I finished school and entered the university in the department of Romance-Germanic philology. My new life started. I found new friends and instead of using light drugs, I used hard ones. I did not want to study. After the first year of my education, I took academic leave for a year. During this break from my study, a second radical change entered my life. I began to do injections. My friend suggested this to me. He had been a drug addict for a long time and I still remember how he tried to persuade me and I surrendered.

After the first time, I did it a second, third, fifth, tenth time….and became a drug addict.

I did not know the things drugs would bring me to. In the beginning, everything was like a fairy tale: new feelings, new thoughts…I thought it would always be this way. I was mistaken.

I used more and more drugs everyday. I did not even notice.

After a year I began to study at the university again. But how can a drug addict study? When you experience a drug craving, this feeling leads you not to the university but to the drug addict’s den.

I began to degrade. My nervous system changed. I was aggressive and I had bad thoughts. (I do not mention my memory because it disappeared somewhere.) I was afraid that I forgot simple things which normal people remember…

Each day was a copy of the previous one: wake up - look for money - look for drugs - do drugs – night - sleep.

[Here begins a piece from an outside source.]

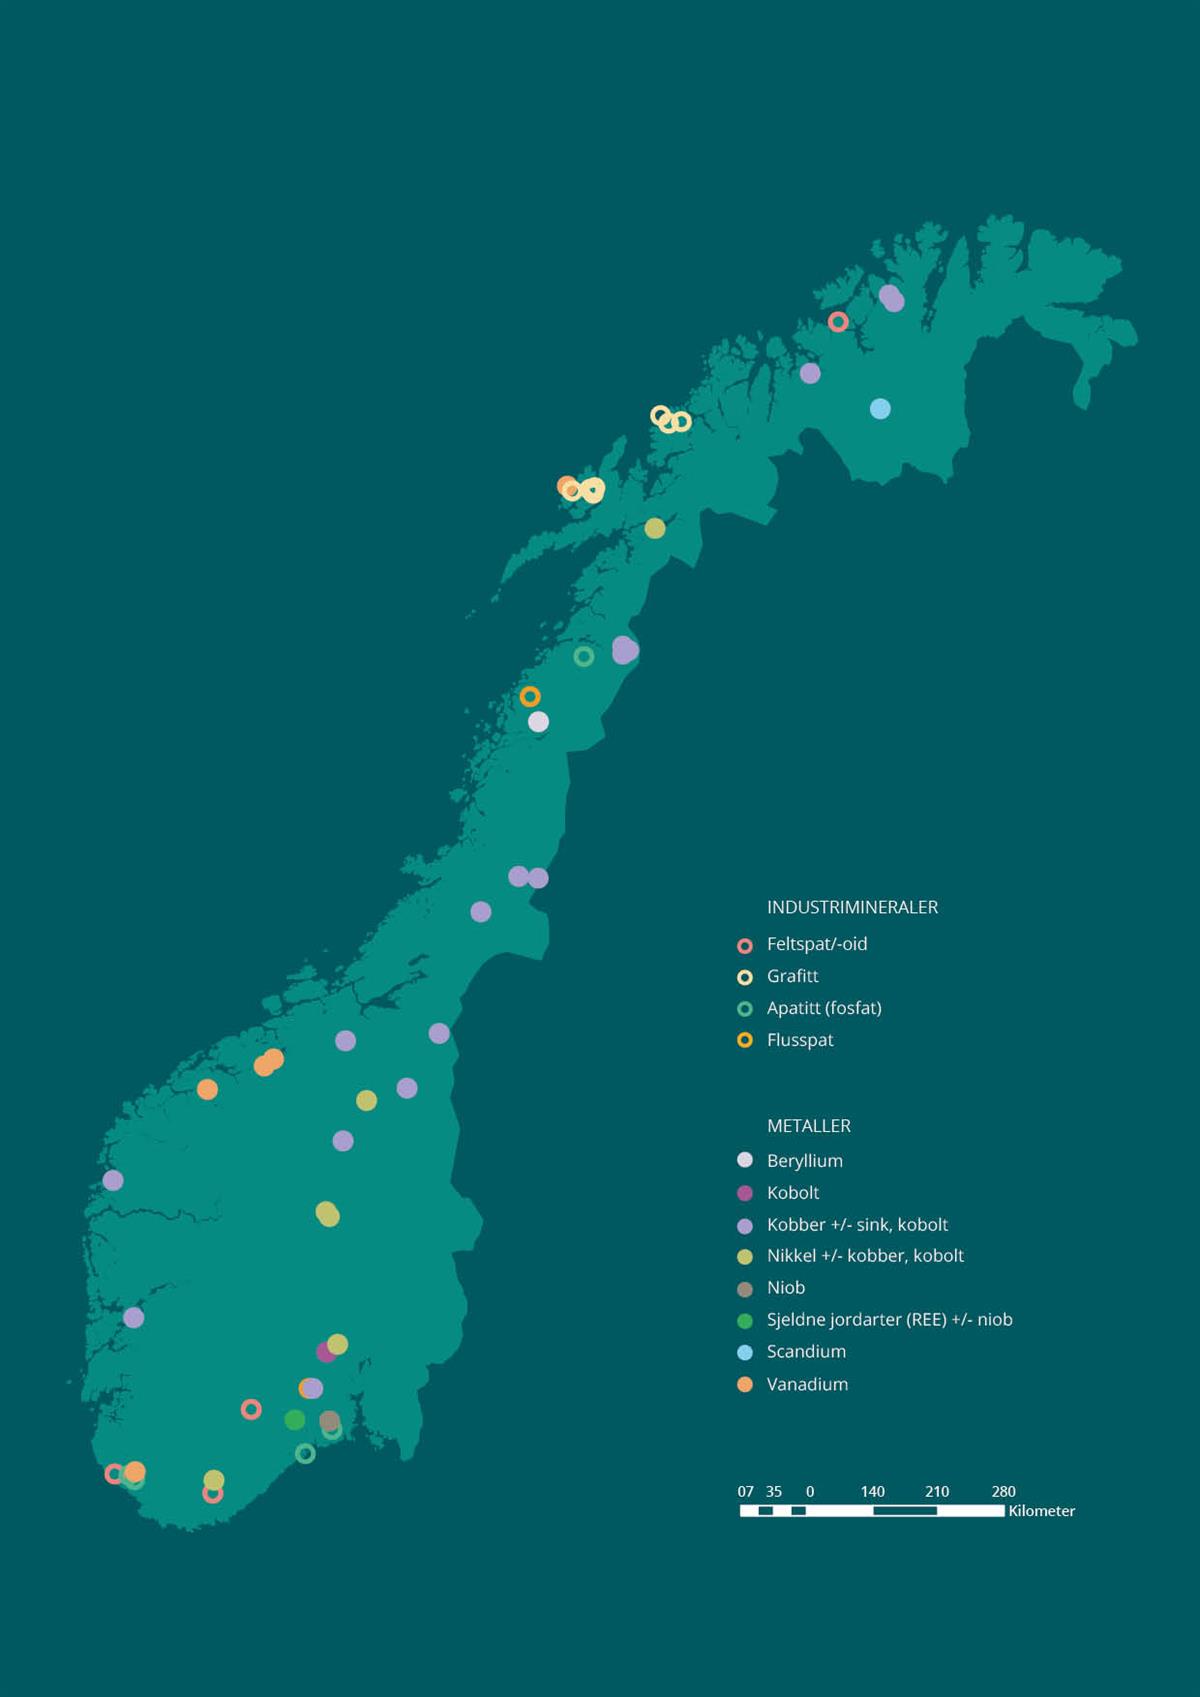 Figur 3.4. viser hvor i Norge det finnes viktige forekomster av kritiske metaller og industrimineraler.

Every day was the same. I quit my studies at the university. My parents learned about it and were disappointed and began to look for a way out of my situation. I went to a hospital for drug addicts. They helped me physically, but I still had a psychological addiction. Drug addiction was in my brain and dictated my lifestyle.

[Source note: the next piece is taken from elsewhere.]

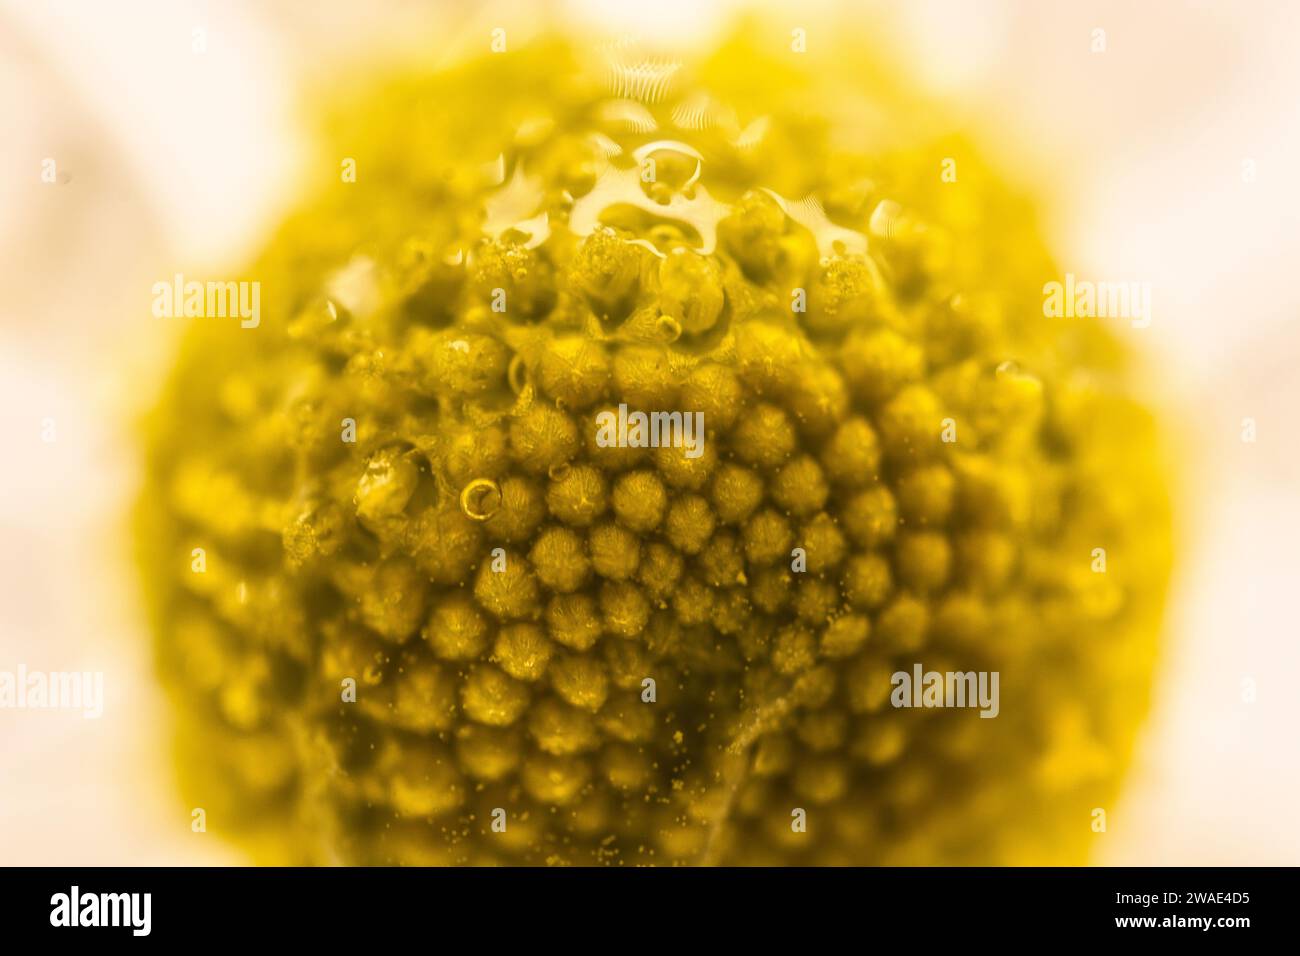 Eine mikroskopische Aufnahme eines mittleren Teils einer Kamillenblüte, die in Wasser getaucht ist Stockfoto

I almost died twice because of drug overdose. The glory goes to God that I am still alive.

My situation was worse and worse. DRUGs were eating me up. I wanted to die.

But God had different plans for my life. My mother began visiting Central Baptist Church. I became acquainted with a former drug addict. He came to my house and began to talk about God, Who gives power to not use drugs and drink…All I could say at that time was, “Good for you. Behold. I can handle it on my own…”

One evening I was going home high on drugs and tipsy. I thought about what to tell my mother who would ask me many questions. I was passing by a local church and I knew that there were Christians. I knew nothing and no one.

As I passed by the street, I saw a light inside the church. I was driven by an invisible power to go inside that church. I came in and stopped, not knowing what to do. There were Christian girls and boys who I got to know later. The pastor was also there. I said that I was a drug addict and wanted to quit. They suggested that I take a rehabilitation course and I agreed. That very evening I went to rehabilitation.

Two day passed and on the third day I told them that I would go. They persuaded me to stay. But I (Satan in me) tried to do what I wanted. I went and began to do drugs again, this time even more. But I visited church services and read the Bible. I went to rehabilitation again.

I am free now for more than 8 years. Jesus Christ made me completely free. It was not easy, but I prayed and God blessed me and gave me relief. The rehabilitation course lasted 7 months. God made a new person out of me. He gave me new family and friends. I believed and I do not regret it. I have immeasurable joy. I will be with Jesus Christ Himself in paradise after my death. The Bible tells me so. I believe in it.

After rehabilitation, I was the first former drug addict. There are now more than 30. They are my friends, with whom I previously did drugs. We praise God together for His awesome salvation.